C. parapsilosis was identified in two premature infants and four NICU samples whereas C. albicans was identified in six premature infants but not identified in NICU samples. This is interesting because previous studies have linked neonatal C. albicans acquisition to vertical maternal transmission, but were unable to identify the source of C. parapsilosis (Waggoner-Fountain et al., 1996). Although different strains of C. parapsilosis were found in the NICU and in infants, the species-level detection points to the NICU as a possible reservoir for C. parapsilosis strains that colonize infants.
All fungal species detected in the infant and NICU environments have been previously implicated as pathogens of immunocompromised individuals (Table 2). Some species, like Candida albicans, are almost exclusively found in warm-blooded animals and are thus adapted to growth in humans. Other species, like P. lilacinum, are usually associated with soil and decaying plant matter. However, previous studies have shown that strains that colonize humans are similar to environmental strains (Luangsa-ard et al., 2011). Thus, the presence of these strains in the NICU environment could pose risks to these immunocompromised premature infants.
Premature infants are colonized by eukaryotes early in life
We compared our findings related to premature infant colonization by fungi to three previous studies of fungal colonization of premature infants, one of which used culturing-based detection (Baley et al., 1986), one denaturing gradient gel electrophoresis (DGGE) (Stewart et al., 2013) and the third high-throughput ITS sequencing (LaTuga et al., 2011). The infant colonization rates of these studies were 26%, 50%, and 63%, respectively, thus highly variable and substantially higher than the colonization rate noted here (8%). Compared to shotgun sequencing, DGGE and ITS methods should be more sensitive due to the use of PCR. However, the ability to amplify very rare sequences from organisms present at exceedingly low abundance levels complicates interpretation of the measured colonization frequencies. Counter to this, the shotgun sequencing-based methods provide a more balanced view of community composition (because the methods do not rely on PCR). However, sequencing allocations used in this study (median 3.5 giga-base pairs / sample) typically enable detection only of more abundant populations (e.g., 0.35 % of the community DNA; Supplemental Table S1). It is not known whether the seemingly highly restricted period of colonization by eukaryotes is due to low sensitivity of the shotgun sequencing method.

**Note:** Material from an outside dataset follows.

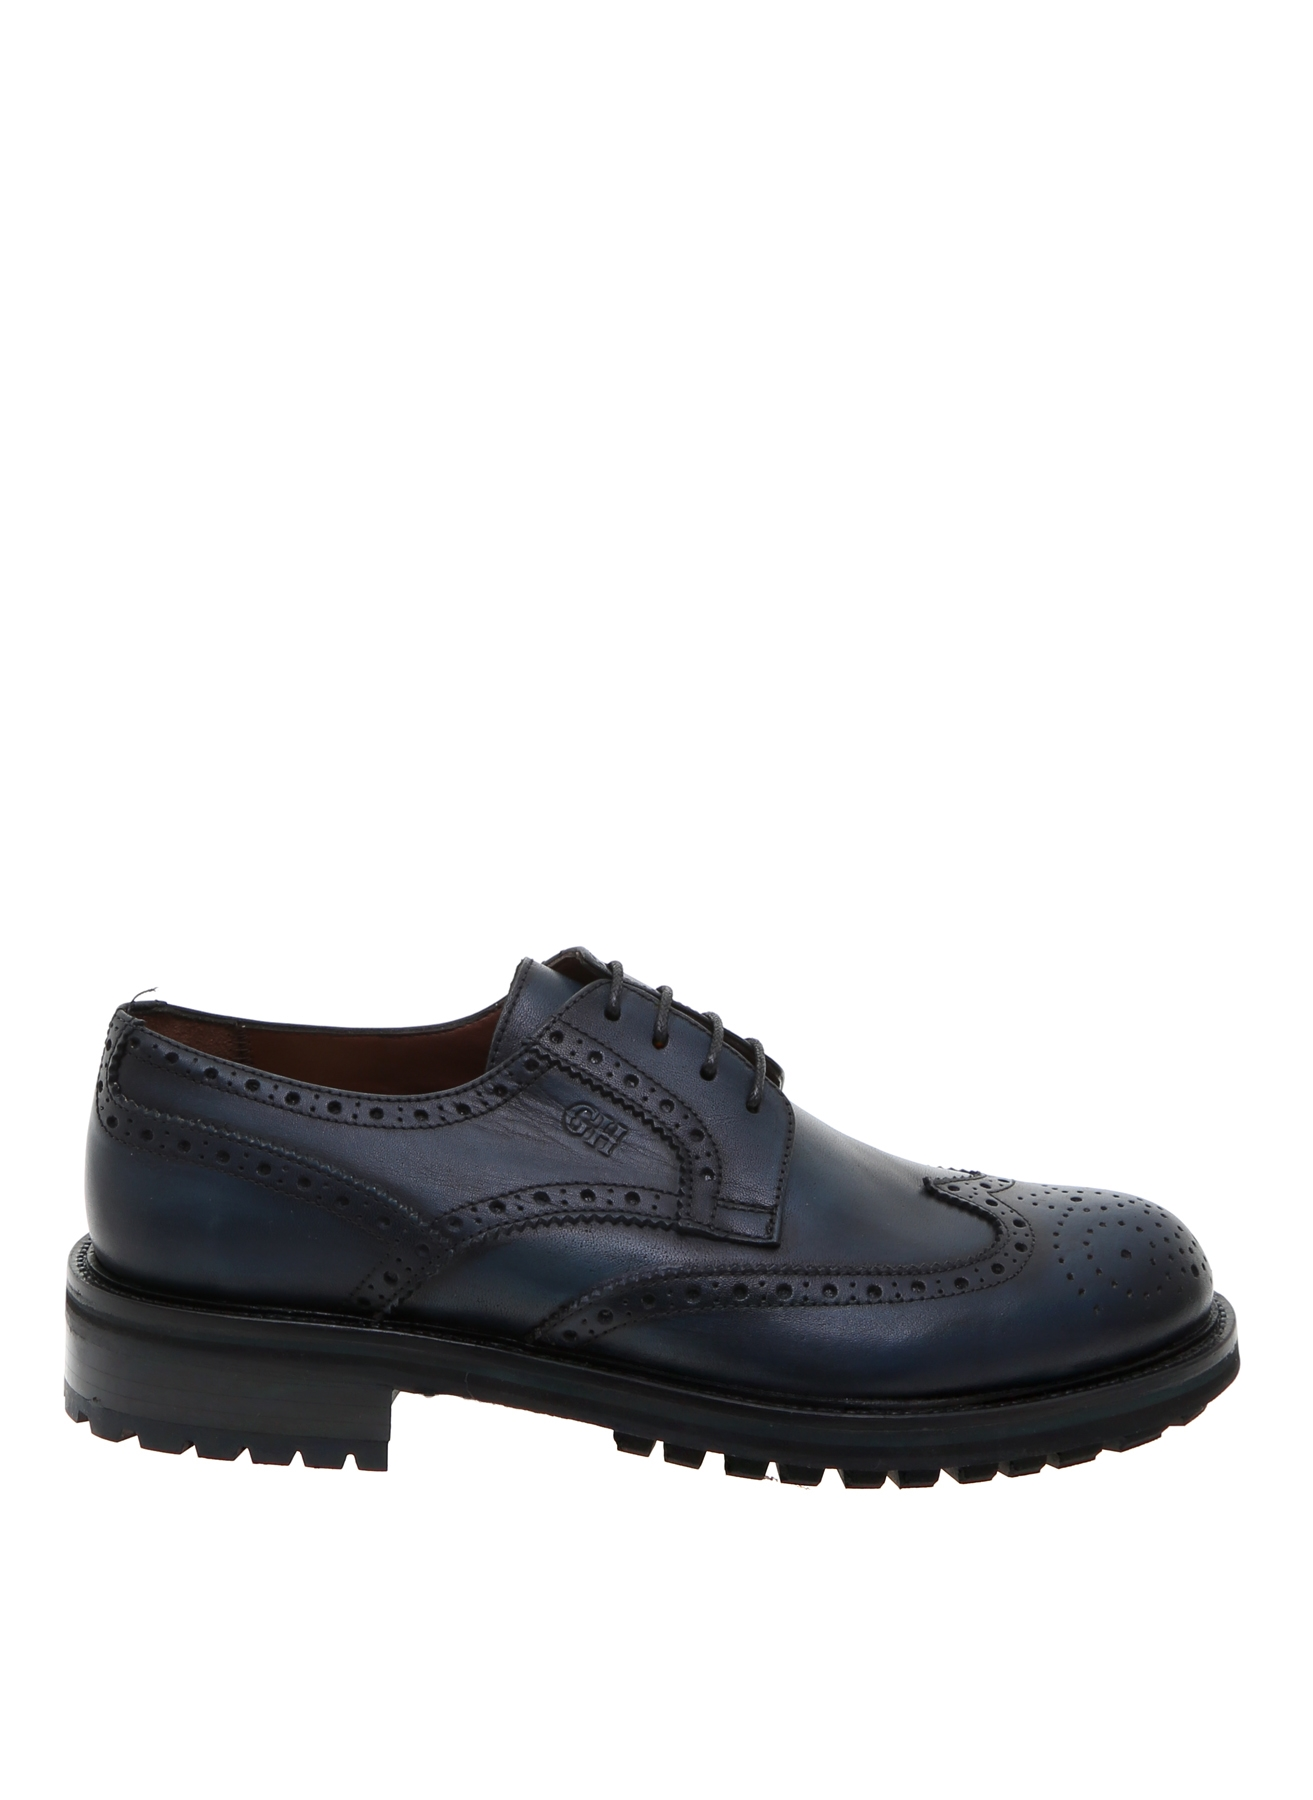 George Hogg Lacivert Klasik Klasik Ayakkabı 41 5001908435002 Ürün Resmi
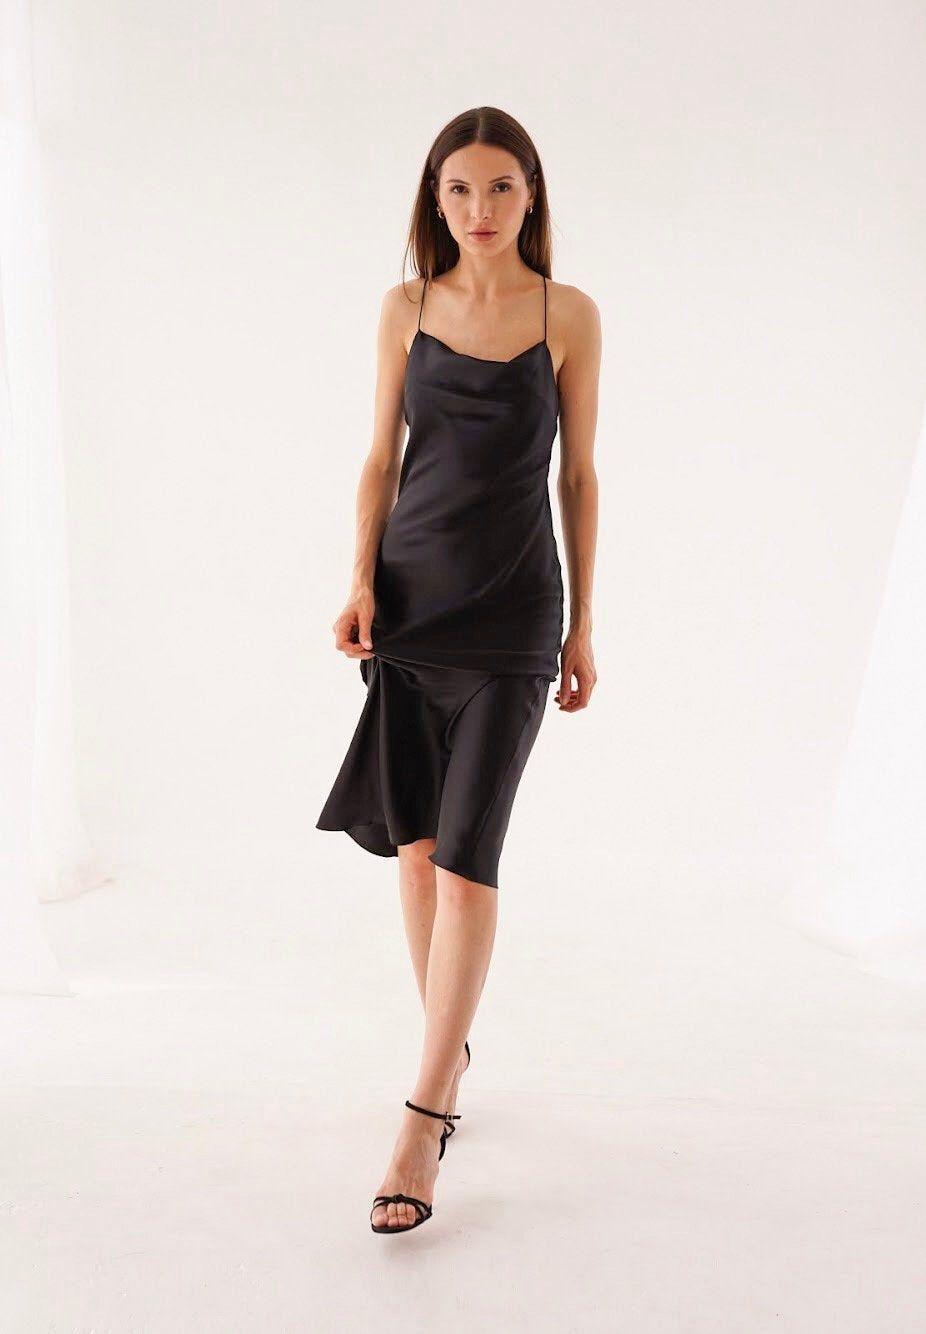 Black Silk Slip Dress Black Midi 100 Silk Charmeuse Cami Etsy Silk Slip Dress Slip Dress Red Slip Dress [ 1334 x 926 Pixel ]

However, it is also possible that this is a general phenomenon, as most other studies have not analyzed finely resolved time-series data as used in this study.
All infants profiled in this study received 2-7 days of prophylactic antibiotics upon birth, meaning antibiotic use is highly correlated with earlier days of life (Supplemental Table S3). While both antibiotic administration and DOL were significantly correlated with eukaryote abundance, infants who received antibiotics later in life were not colonized by eukaryotes, suggesting that day of life is the more important factor. Proteobacteria were also significantly anti-correlated with eukaryote abundance. This is interesting because Proteobacteria are usually enriched in early life samples and in infants who have received antibiotics (Hu et al., 2016; Rodriguez et al., 2015). Many important pathogens of infants are Proteobacteria, including Escherichia coli, Klebsiella pneumoniae, and Pseudomonas aeruginosa (McGuire et al., 2004). Future studies are needed to determine if there are important associations of other bacteria with fungi, and if microbial eukaryotes inhibit growth of these pathogens in preterm infants or vice versa.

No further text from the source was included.